What you are asked to do –
Report each line of the data that includes the word "aquamarine".

(Working data)

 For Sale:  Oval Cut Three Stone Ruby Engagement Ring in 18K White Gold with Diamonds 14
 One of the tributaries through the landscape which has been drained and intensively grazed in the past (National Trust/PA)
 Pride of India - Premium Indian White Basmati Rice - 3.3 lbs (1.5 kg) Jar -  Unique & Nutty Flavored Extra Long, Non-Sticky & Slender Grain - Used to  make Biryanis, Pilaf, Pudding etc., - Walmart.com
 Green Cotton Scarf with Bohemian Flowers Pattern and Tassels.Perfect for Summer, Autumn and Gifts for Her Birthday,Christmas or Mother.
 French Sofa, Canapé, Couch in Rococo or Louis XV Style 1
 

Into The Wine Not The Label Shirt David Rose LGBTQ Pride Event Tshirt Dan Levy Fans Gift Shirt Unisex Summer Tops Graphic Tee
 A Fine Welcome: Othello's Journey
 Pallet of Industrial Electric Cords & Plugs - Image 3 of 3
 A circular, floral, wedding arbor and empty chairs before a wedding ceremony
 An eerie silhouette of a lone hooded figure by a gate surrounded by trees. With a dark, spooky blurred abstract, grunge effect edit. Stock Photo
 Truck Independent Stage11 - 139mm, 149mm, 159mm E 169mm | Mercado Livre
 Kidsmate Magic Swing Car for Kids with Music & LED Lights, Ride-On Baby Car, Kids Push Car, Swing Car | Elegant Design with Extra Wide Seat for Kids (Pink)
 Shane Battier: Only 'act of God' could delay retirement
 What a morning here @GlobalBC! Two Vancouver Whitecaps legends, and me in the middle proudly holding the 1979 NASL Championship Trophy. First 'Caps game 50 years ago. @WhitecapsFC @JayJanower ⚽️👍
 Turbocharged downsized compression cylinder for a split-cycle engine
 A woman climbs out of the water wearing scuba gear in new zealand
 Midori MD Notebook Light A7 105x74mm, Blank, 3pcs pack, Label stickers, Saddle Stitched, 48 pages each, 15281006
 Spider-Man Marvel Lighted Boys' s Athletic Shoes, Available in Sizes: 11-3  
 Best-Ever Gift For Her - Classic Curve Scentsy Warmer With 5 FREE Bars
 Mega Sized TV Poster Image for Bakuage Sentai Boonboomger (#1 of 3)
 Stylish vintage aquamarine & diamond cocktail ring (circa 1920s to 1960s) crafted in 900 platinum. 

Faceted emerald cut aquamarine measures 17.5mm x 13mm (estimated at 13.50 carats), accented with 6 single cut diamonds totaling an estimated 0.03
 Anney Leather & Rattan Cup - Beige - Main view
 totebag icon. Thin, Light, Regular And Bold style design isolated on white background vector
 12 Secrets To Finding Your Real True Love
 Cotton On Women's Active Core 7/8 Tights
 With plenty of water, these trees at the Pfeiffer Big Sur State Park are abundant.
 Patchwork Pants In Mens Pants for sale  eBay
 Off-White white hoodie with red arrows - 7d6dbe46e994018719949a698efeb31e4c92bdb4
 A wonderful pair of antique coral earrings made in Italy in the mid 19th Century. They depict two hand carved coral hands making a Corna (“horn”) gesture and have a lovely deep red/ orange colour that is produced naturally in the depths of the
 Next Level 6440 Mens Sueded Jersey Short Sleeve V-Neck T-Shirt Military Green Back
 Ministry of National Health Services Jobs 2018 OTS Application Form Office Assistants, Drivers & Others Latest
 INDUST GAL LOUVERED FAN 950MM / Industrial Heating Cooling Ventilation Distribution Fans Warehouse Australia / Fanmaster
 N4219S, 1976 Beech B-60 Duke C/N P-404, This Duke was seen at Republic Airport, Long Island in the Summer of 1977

(End Working data)

Exercise solution –
 Stylish vintage aquamarine & diamond cocktail ring (circa 1920s to 1960s) crafted in 900 platinum. 
Faceted emerald cut aquamarine measures 17.5mm x 13mm (estimated at 13.50 carats), accented with 6 single cut diamonds totaling an estimated 0.03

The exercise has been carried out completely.